## WHAT IS EXPECTED
Copy out exactly, from the entries that follow, the line holding "Wörterbuch des wissenschaftlichen", the line holding "Tatranska Javorina wooden church", and all lines between them, but no pictures.

## DATA TO EXAMINE

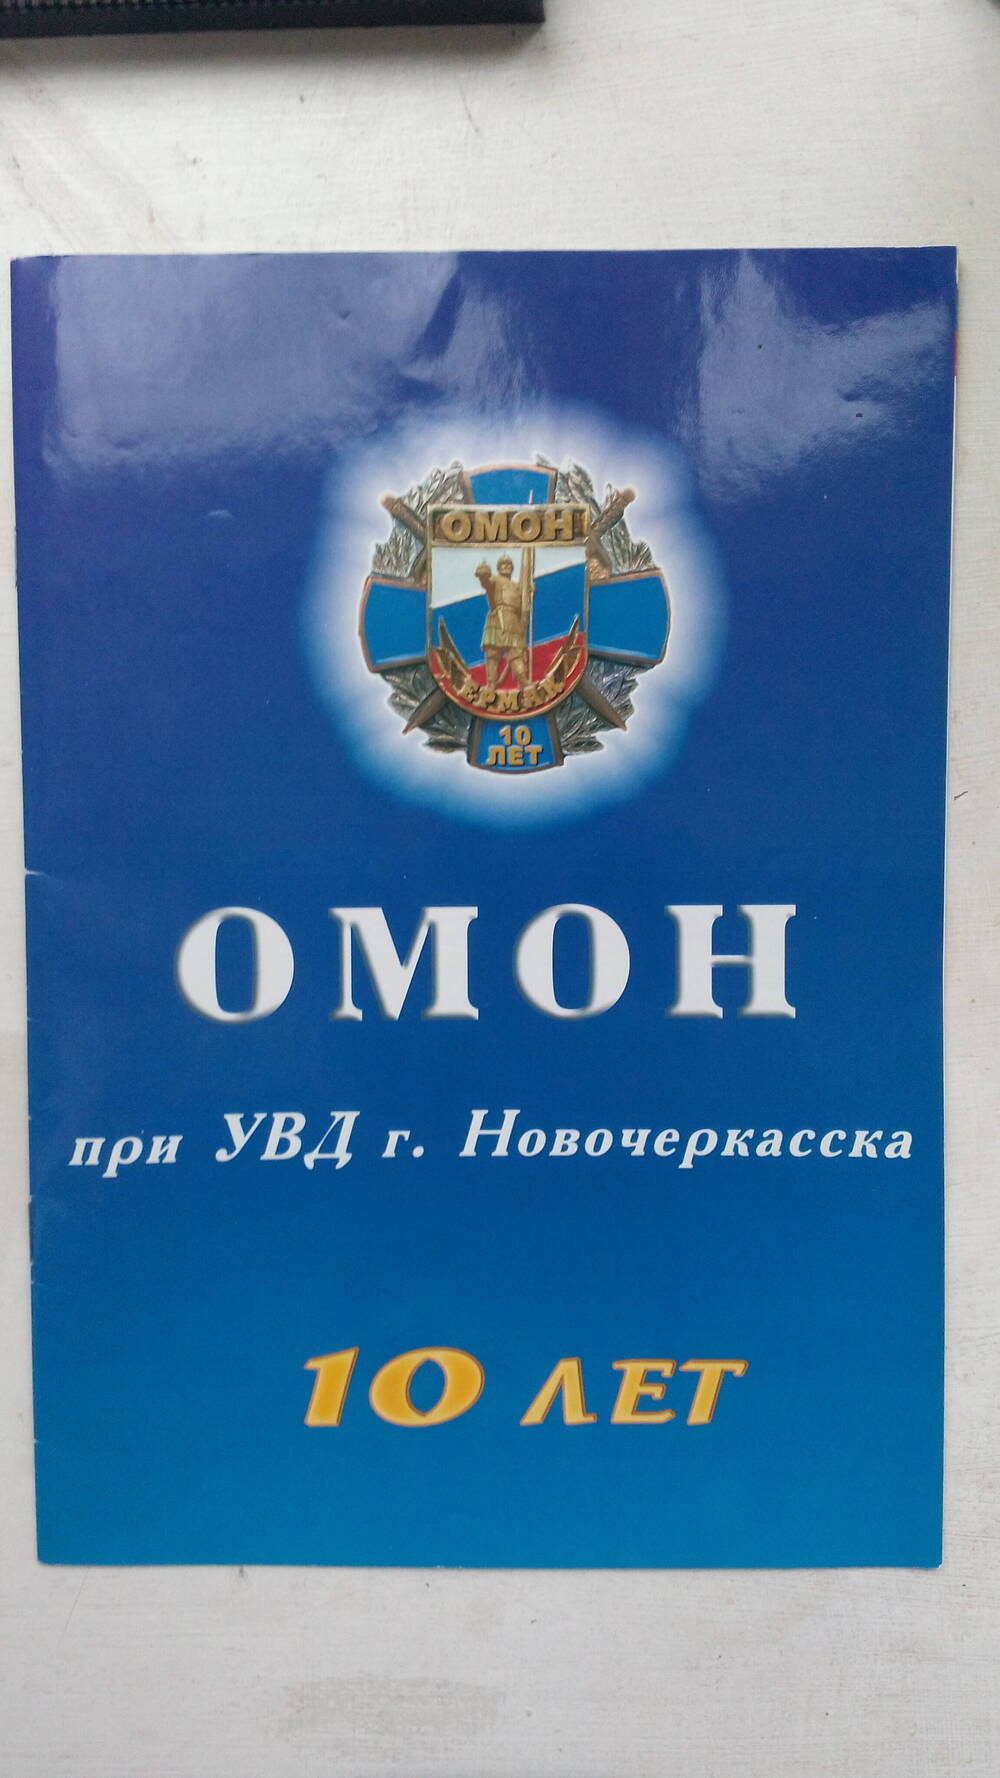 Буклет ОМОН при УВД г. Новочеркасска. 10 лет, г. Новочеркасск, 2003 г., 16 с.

==

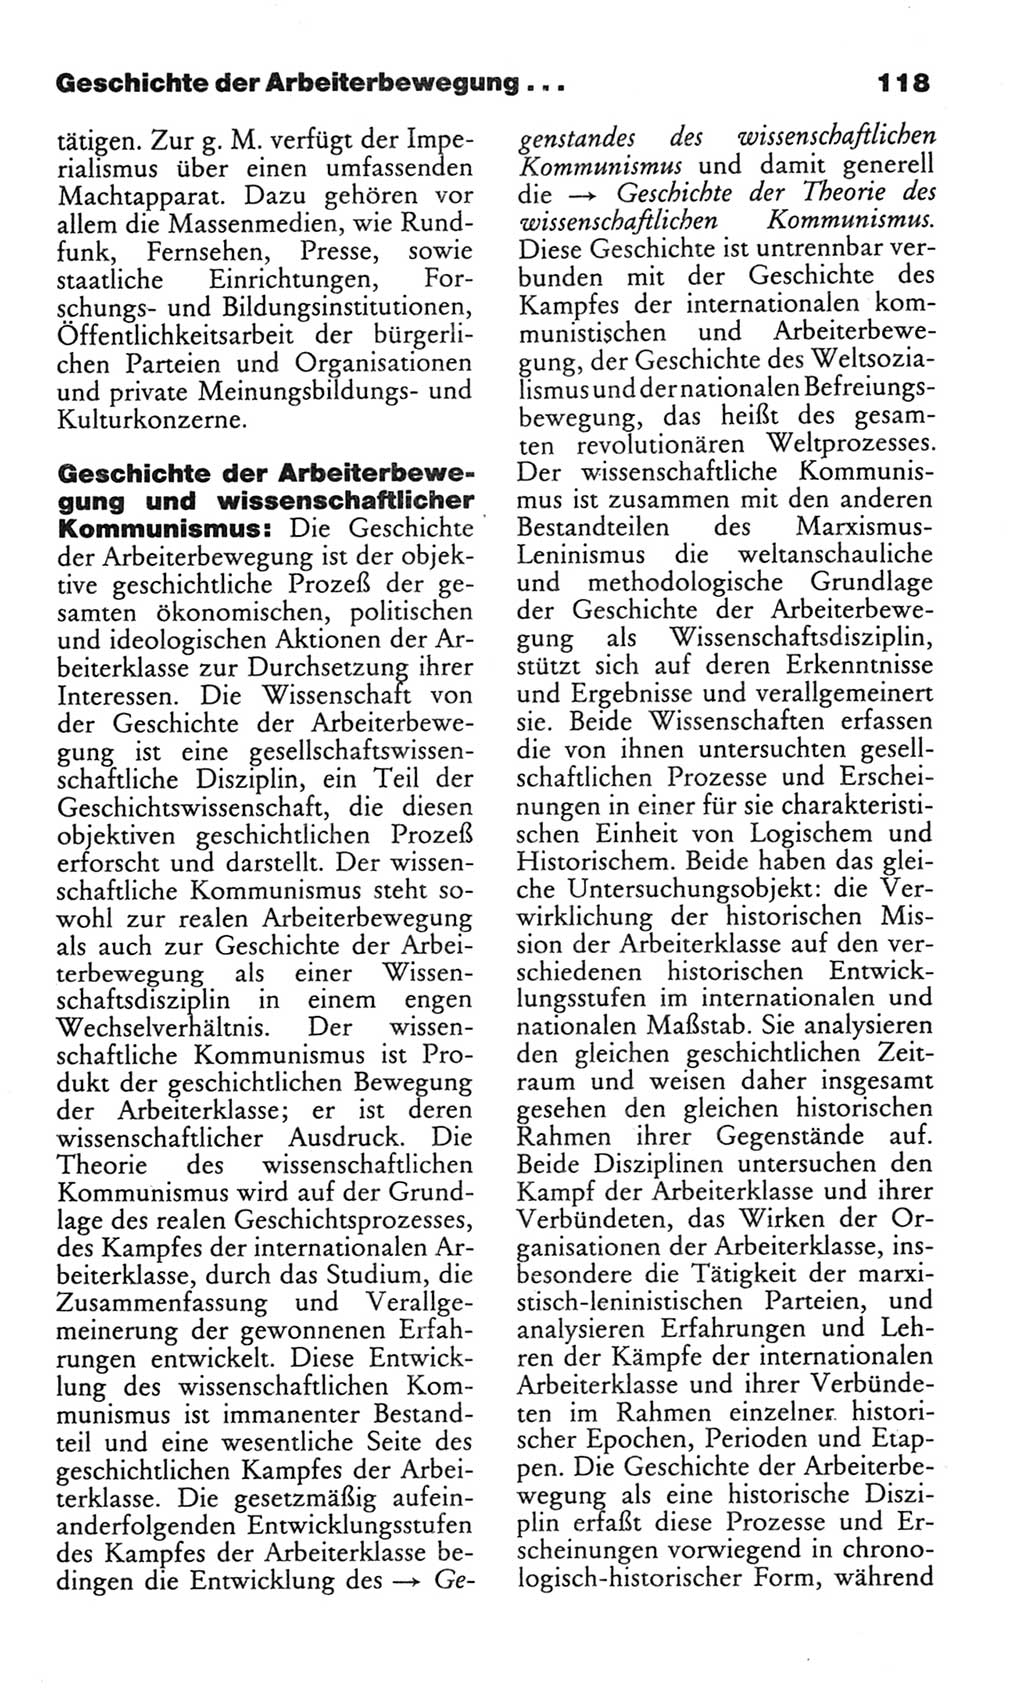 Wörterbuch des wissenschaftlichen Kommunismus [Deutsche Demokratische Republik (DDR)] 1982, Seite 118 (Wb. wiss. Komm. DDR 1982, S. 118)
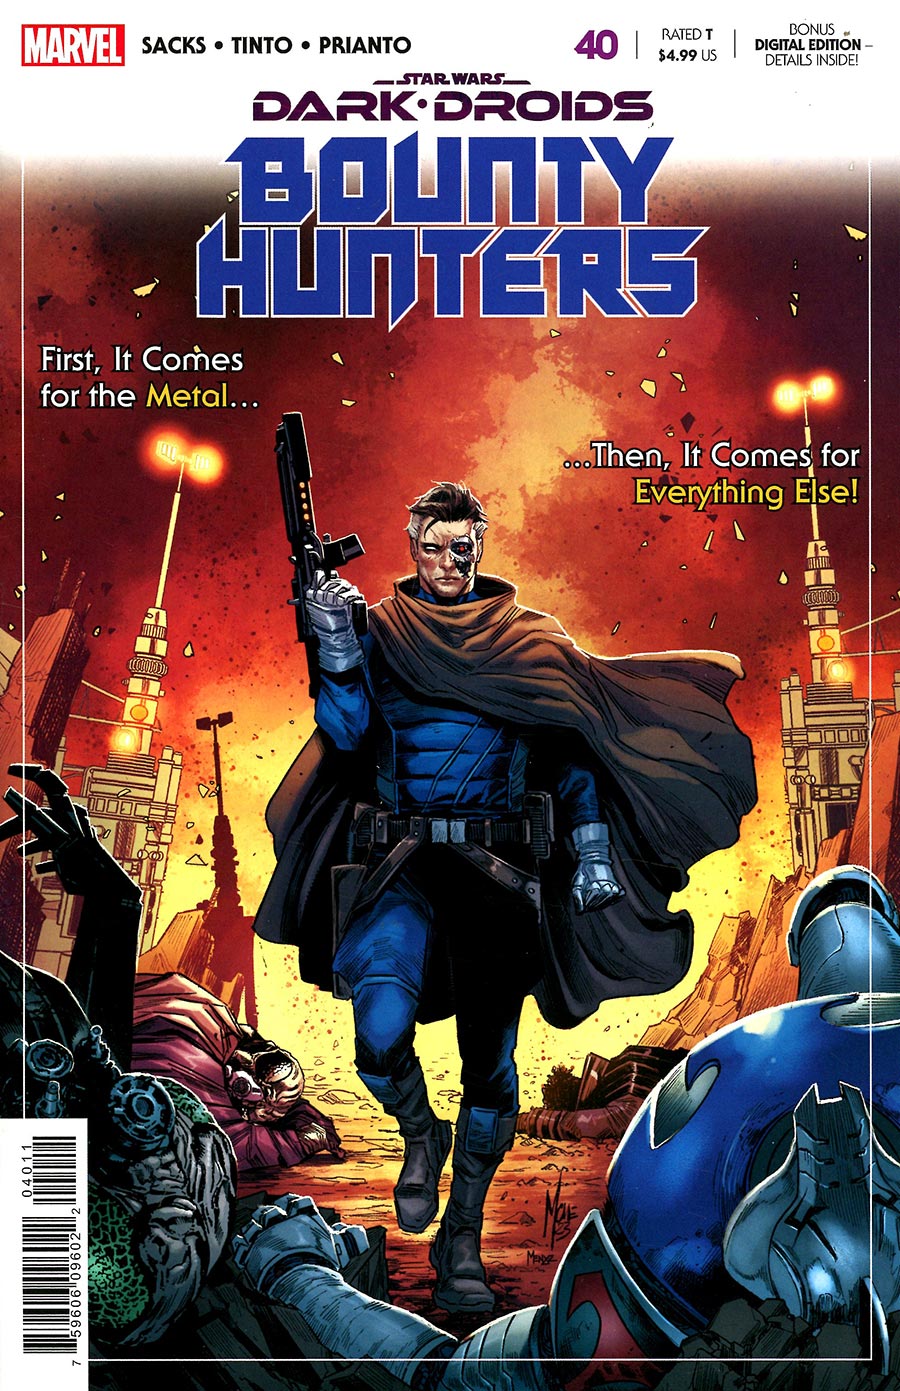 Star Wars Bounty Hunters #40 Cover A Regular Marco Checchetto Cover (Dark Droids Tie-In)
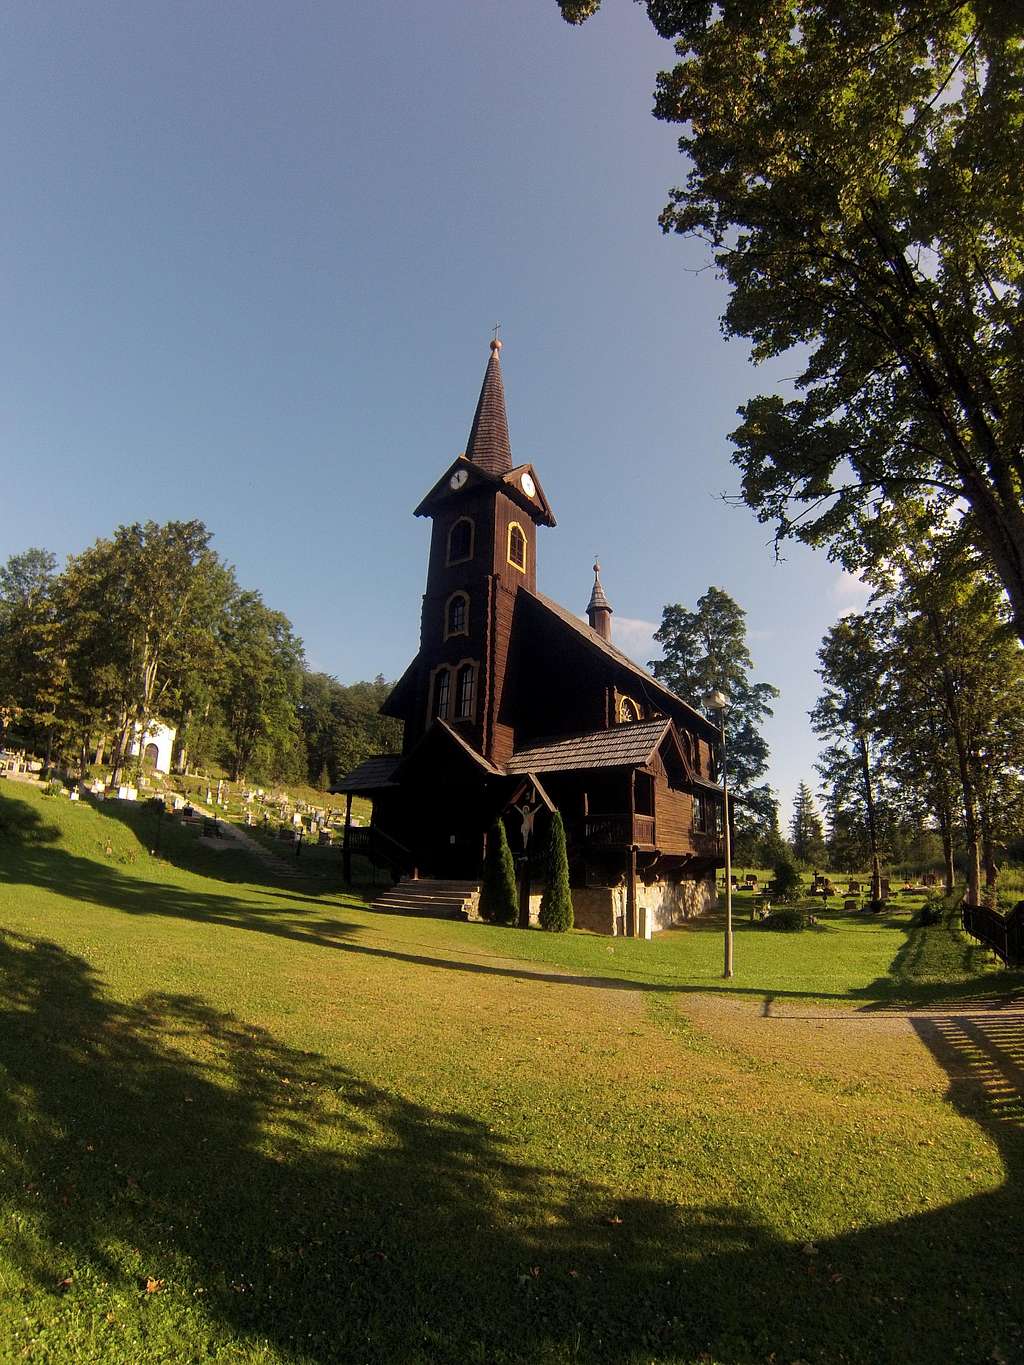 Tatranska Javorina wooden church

## ANSWER SECTION
 Wörterbuch des wissenschaftlichen Kommunismus [Deutsche Demokratische Republik (DDR)] 1982, Seite 118 (Wb. wiss. Komm. DDR 1982, S. 118)
 Star Wars Bounty Hunters #40 Cover A Regular Marco Checchetto Cover (Dark Droids Tie-In)
 Tatranska Javorina wooden church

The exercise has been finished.